In Spain, the CEQ was validated by Soriano Vidal et al. in 2016 [30], and it is referred to as the Spanish version of the CEQ instrument (CEQ-E). As previously mentioned, the CEQ has been associated with some psychometric issues. Furthermore, recent studies on childbirth experiences worldwide are utilizing the new version of the CEQ, the CEQ 2.0. Since this version has not been validated in Spain, there is consideration for validating it in the Spanish context. This would enable future comparisons of results. Therefore, the objective of this study to adapt the CEQ 2.0 to the Spanish context and evaluate its psychometric properties.

Methods

This research was conducted in two stages.

  • 1st Stage: Methodological study. The translation and transcultural adaptation of the Childbirth Experience Questionnaire 2.0 (CEQ 2.0) were carried out, with an assessment of content validity through expert testing and facial validity, through cognitive interviews and a pilot test in the target population.

  • 2nd Stage: Cross-sectional study in a validation sample for the evaluation of construct validity and reliability (internal consistency and temporal stability).

Stage 1

Starting Instrument

The starting instrument was the Childbirth Experience Questionnaire version 2.0 (CEQ 2.0) in its English version [41], provided by its author (Dr A. Dencker).

The original CEQ 2.0 consists of 22 items distributed across four domains: "Own capacity" (items No. 1, 2, 4, 5, 6, 7, 21, and 22), "Professional support" (items No. 11, 13, 14, 15, and 16), "Perceived safety" (items No 3, 17, 18, 19, 20, and 23), and "Participation" (items No. 8, 9, 10, and 12). The first nineteen items are scored on a Likert scale ranging from 1 to 4 points, with some items having reverse scoring. The last three items are numerically ranked on a visual analogue scale from 0 to 100 points, which is then converted to a 4-point scale. Higher scores indicate a more positive childbirth experience.
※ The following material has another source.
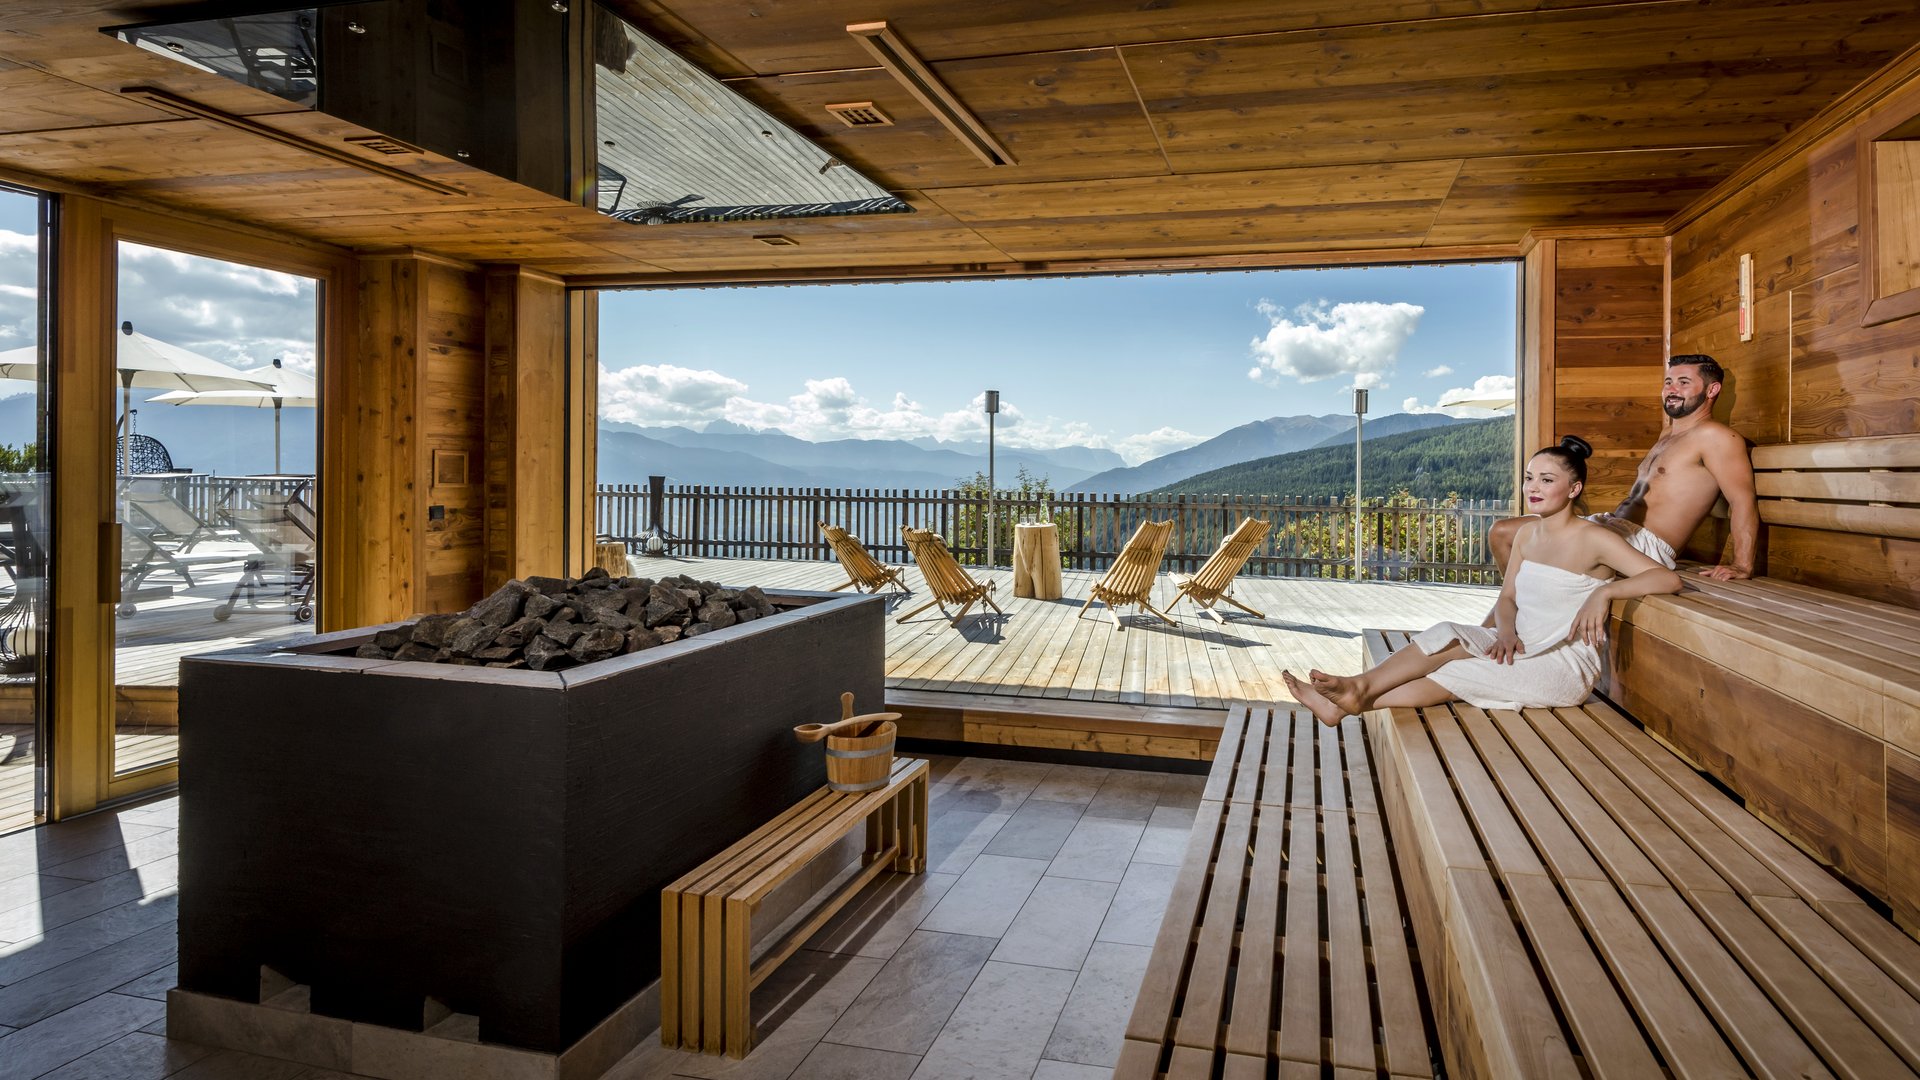 Hotel con sauna in camera in Alto Adige? Tratterhof!
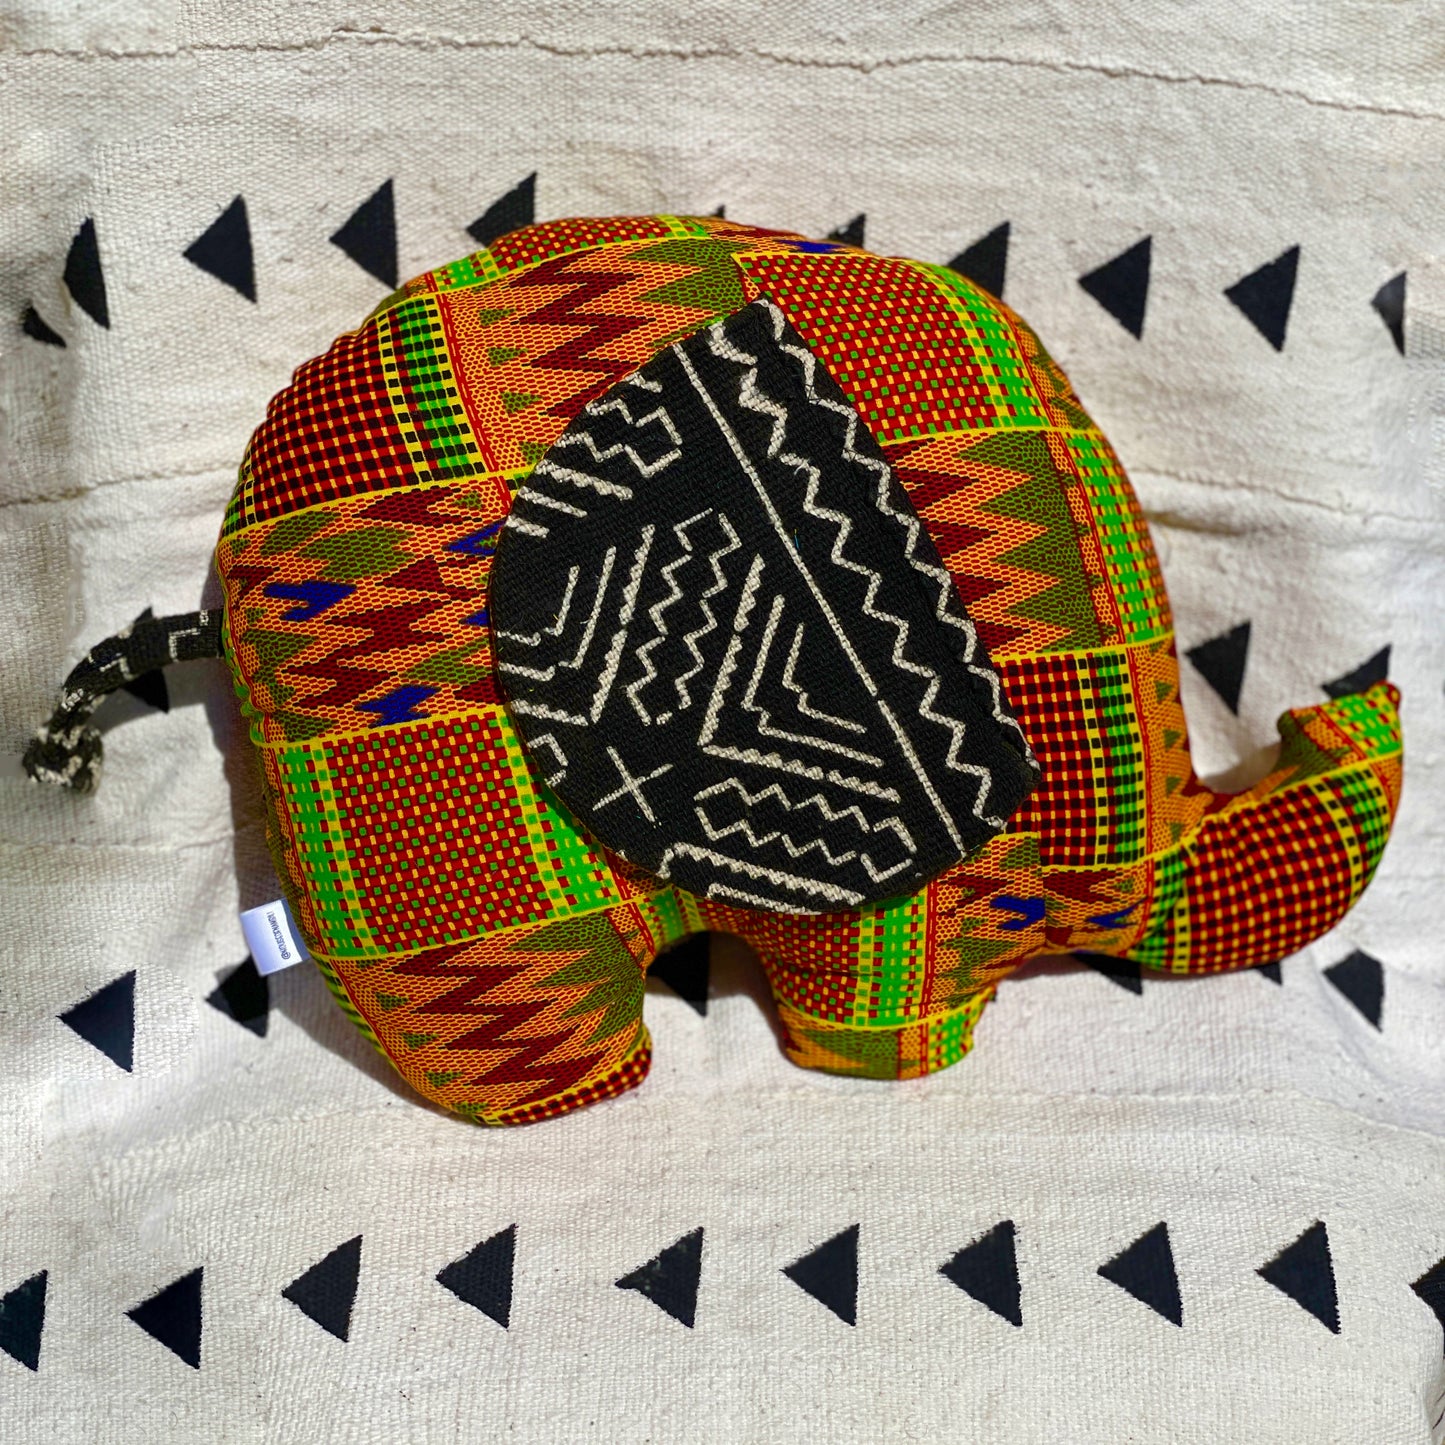 Ngozi Elephant Pillow - Blue/Red/Black/Yellow/White - House Of Nambili

Scores can be obtained for the overall questionnaire by summing the scores of all items and dividing the result by the total number of items or for each domain (summing the scores of the items composing the domain and dividing by the number of items in the domain) [24, 41].

Translation procedure

Initially, permission was obtained from the author of the original questionnaire, Dr Anna Dencker, to begin the validation process. Following the principles of Beaton and Guillemin [47], two independent translations of the original CEQ 2.0 from English to Spanish were performed. The translations were carried out by two bilingual translators: a native English-speaking midwife with over 6 years of professional development in England and a certified professional translator and interpreter for the English language. These translations were reviewed by the research team (EMM, HGT, AMM), compared to each other, contradictions were corrected, and a preliminary version integrating both translations was obtained. At this stage, some doubts regarding the interpretation of certain items were discussed with Dr Anna Dencker. The previously completed Spanish version of the CEQ-E [30] was also considered, as some items were identical in both versions. Subsequently, two independent and different bilingual translators from the previous phase performed two back-translations based on this preliminary version. One of them was a midwife who had worked for 15 years in England, and the other was a professional translator unfamiliar with the study topic. These back-translations were evaluated by the research team (EMM, HGT, AMM) and compared to the original questionnaire to ensure equivalence. In addition, the four translators involved were asked to assess the level of difficulty of the four translations as easy, moderate, or difficult. Finally, an external expert (author of the CEQ-E) [30] was asked to evaluate the version obtained in this phase. This resulted in the first Spanish version of the CEQ-E 2.0 (V1 CEQ-E 2.0).

Content validity

Content validity was established based on the judgment of 10 experts, consisting of professionals with different profiles. All experts possessed a minimum of a Bachelor's degree and had accrued at least 15 years of professional experience, with seven of them holding a PhD. The criteria for selecting experts included having relevant knowledge and experience in obstetrics and childbirth care, as well as expertise in instrument validation and the development of questionnaires aimed for patients. Five experts had an academic profile and the other five had a more clinical profile. The expert test considered the relevance of each item (whether the item assessed what it intended to evaluate and the importance of the item in relation to the study construct). These criteria were evaluated using Likert scale scores ranging from 1 (Item not relevant) to 4 (Item very relevant). The Content Validity Index for each item (CVI-i) was calculated based on expert scores. The Aiken test was performed, calculating the respective 95% confidence intervals (95% CI) for each item [48]. CVI-i values above 0.70 were considered adequate [49, 50]. The Universal-CVI (UA-CVI) was used to calculate the overall validity of the instrument. This index is the proportion of items on an instrument that achieves a relevance rating of 3 or 4 by all the experts [50].

Face validity

A pilot test (pre-test) was conducted in the target population to ensure the questionnaire's comprehensibility and acceptability. This pilot test involved a sample of 30 postpartum women selected through non-probabilistic convenience sampling. Participants were asked to complete the questionnaire on the second postpartum day before hospital discharge and to describe any items they found difficult to answer. They were requested to provide feedback on items in terms of comprehension, relevance, and ambiguity. Cognitive interviews were conducted with 10 of these women, using a debriefing text used in similar studies [51]. Based on the input from these women, a second Spanish version of the CEQ-E 2.0 (V2 CEQ-E 2.0) was obtained.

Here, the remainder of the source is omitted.